8 Comentários para “Um Divã para Dois / Hope Springs”

  1. O filme é bem feito, os atores estão mesmo muito bem, mas eu achei a história meio deprê. Fiquei pensando no porquê das pessoas deixarem o casamento chegar a esse ponto (e não é necessário ter 31 anos de união para tanto) e em como perdem a capacidade de se abraçar e se tocar, etc. É triste também ver como a rotina massacra a vida, e como relacionmentos caem facilmente no automático se não damos uma sacudida de vez em quando (e até quando as mulheres vão ser aquelas que lavam a louça e preparam a comida, desde o café da manhã até o jantar? O Alnord é um típico machista, ainda por cima, um dos piores tipos que existem: os que reclamam do preço do restaurante de uma cidade turística. Aliás, homem que reclama do preço de qualquer coisa é sempre um chato; principalmente porque esse tipo só reclama quando é pra dar alguma coisa para a mulher). Também achei de última, quando na hora dos votos, a Kay disse que ia deixar o cabelo mais comprido porque ele gostava daquele jeito. Acho ridículo uma mulher deixar o cabelo assim ou assado por causa de marido/namorado/ficante. Cabelo é algo tão pessoal, e ela vai deixar para o parceiro escolher o comprimento? Peloamor! Pensando bem, os dois tinham comportamento conservador.

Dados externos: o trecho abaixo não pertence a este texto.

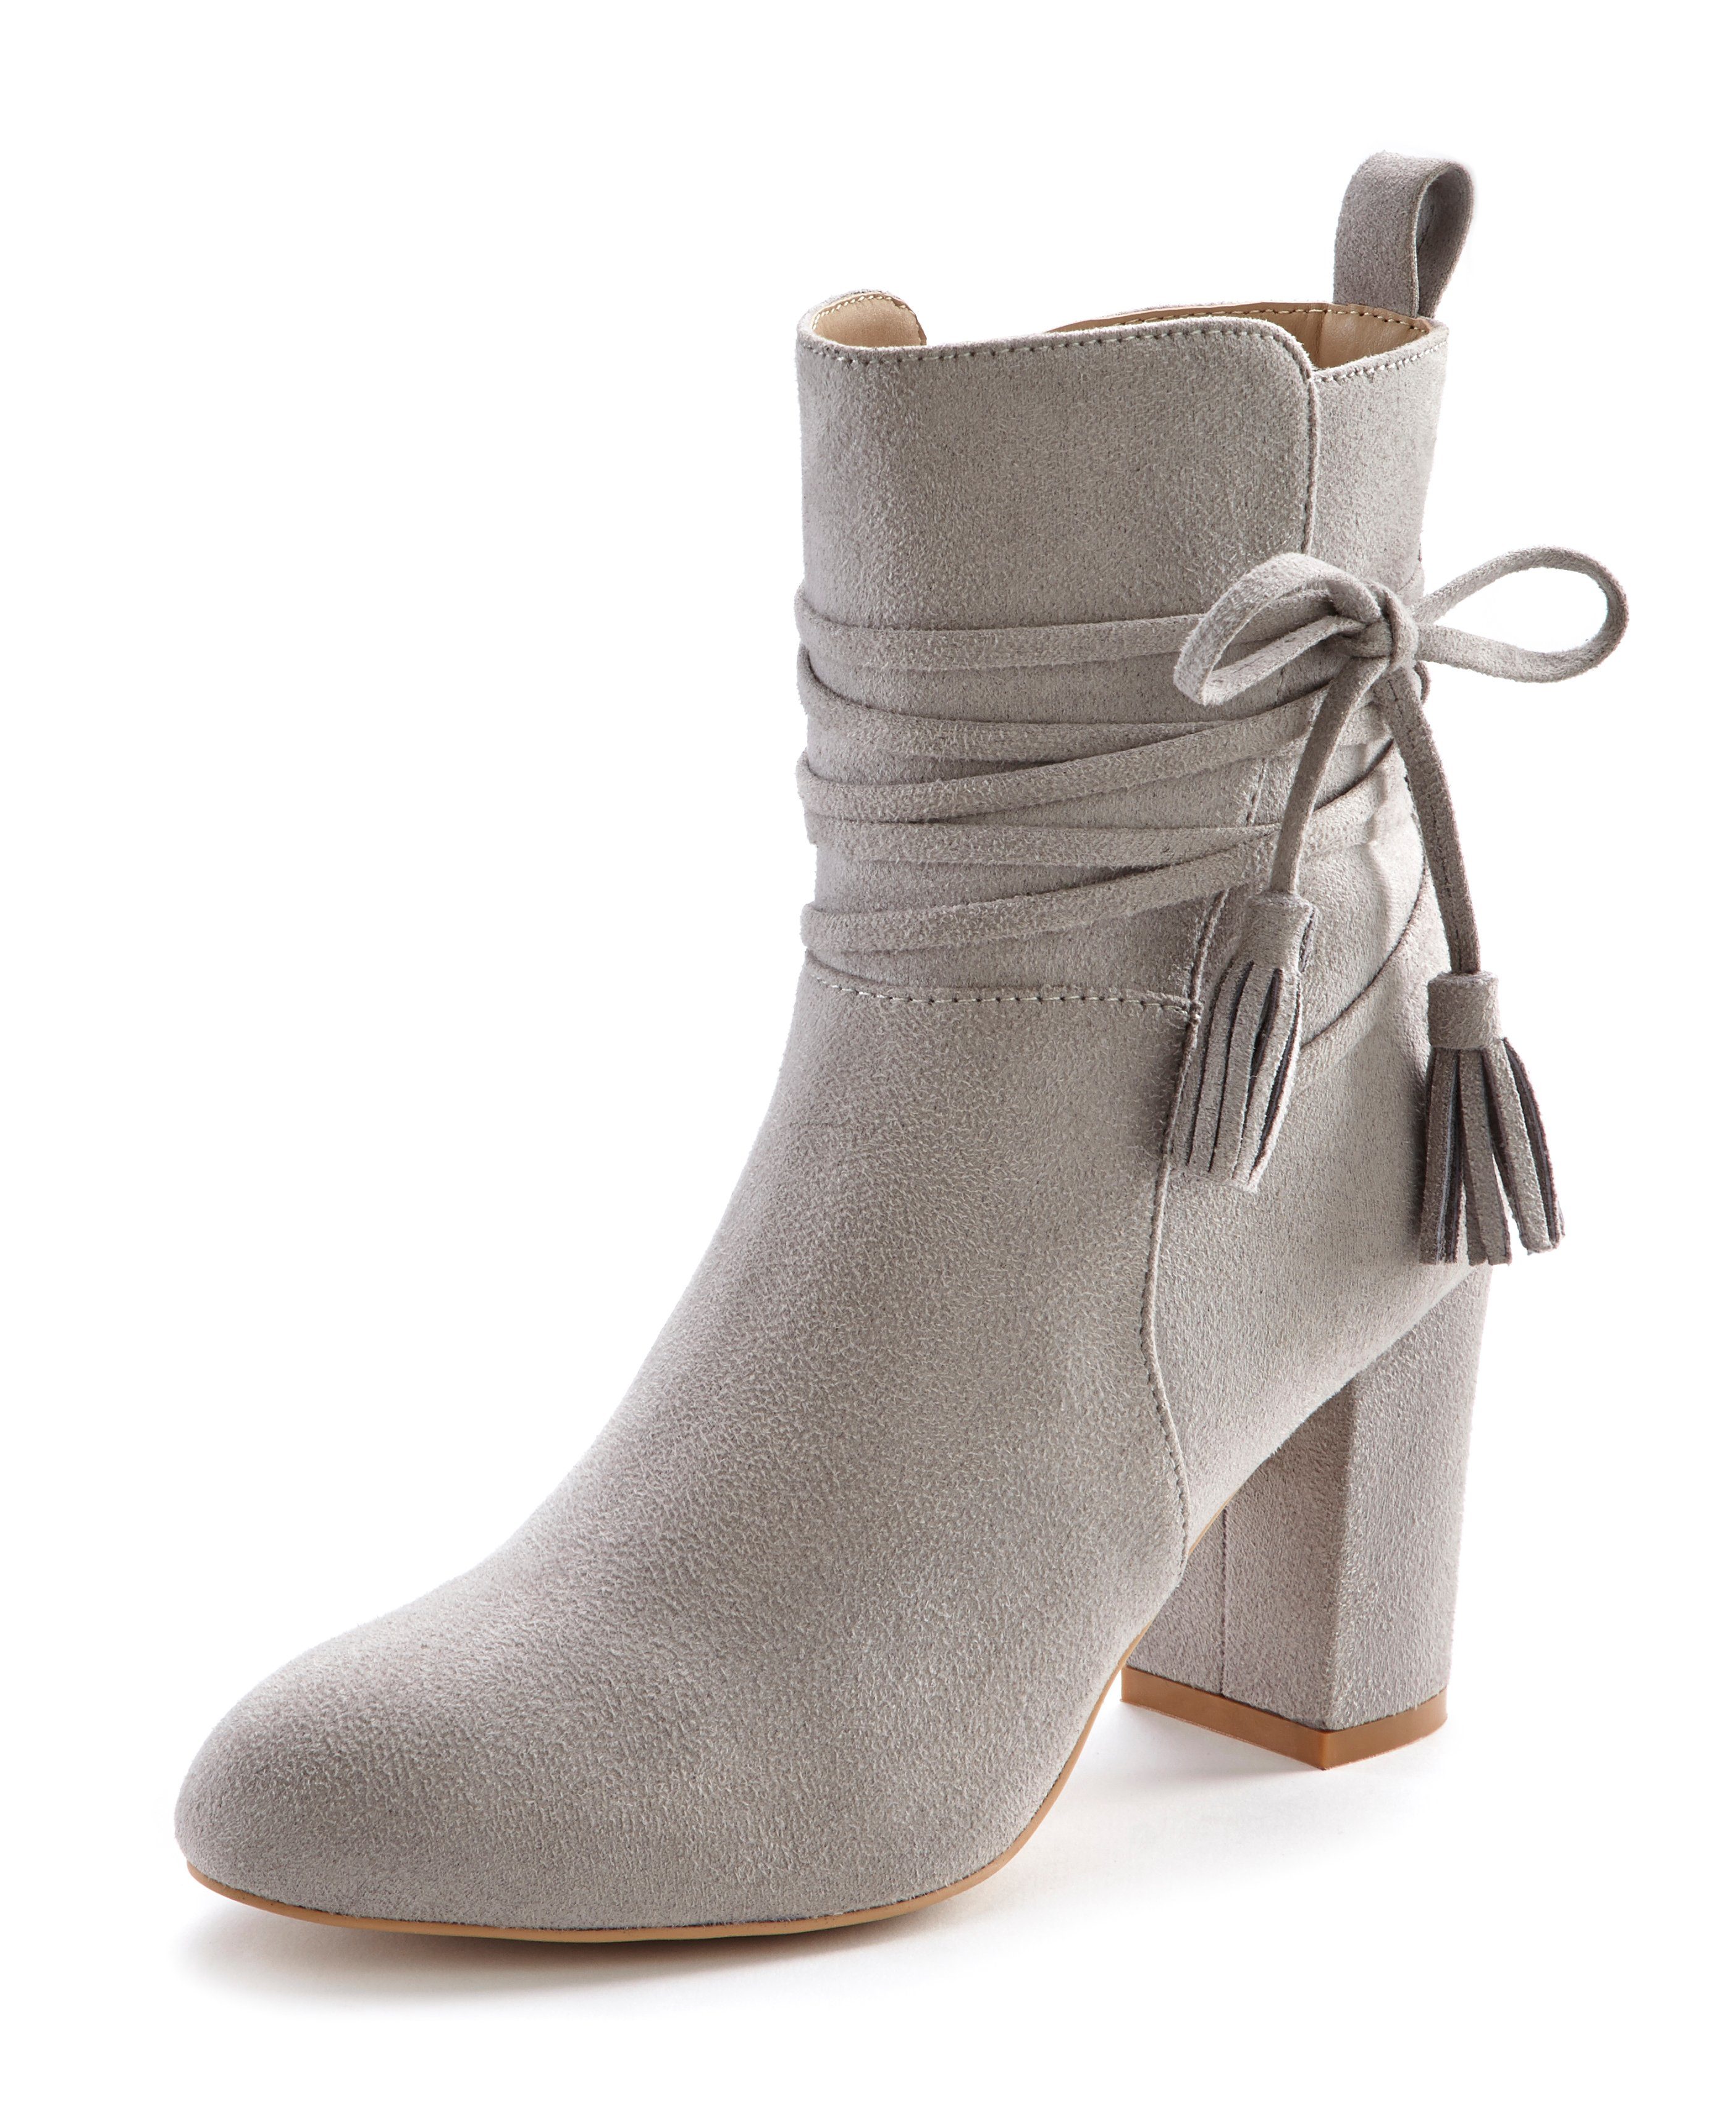 LASCANA Stiefelette mit Ankle Boots, Blockabsatz, Stiefel hellgrau High-Heel-Stiefelette

    Não senti empatia pelos personagens, mas fiquei com pena da Kay, em vários momentos. Apesar do lado baixo astral, há mesmo cenas divertidas. Achei que o Steve Carrel, que geralmente faz comédias, está perfeito, soube atuar na medida certa. Um tom a mais ou a menos e o personagem ficaria chato e/ou caricato.

    Gostei de ver a Marin Ireland, apesar do papel pequeno. Assisto a duas séries nas quais ela atua, é uma boa atriz.

    Enfim, o filme é bom, bem feito, tem seus pontos positivos, mas talvez pela falta de identificação acho que não é algo que eu veria de novo.

  2. gostei demais!!! é um filme simples de pessoas reais com problemas reais e até comuns entre casais mais velhos que se amam mas deixaram de declarar o seu amor!!!! adorei as performances de meryl e tommy e o terapeuta são d+++++!!!!!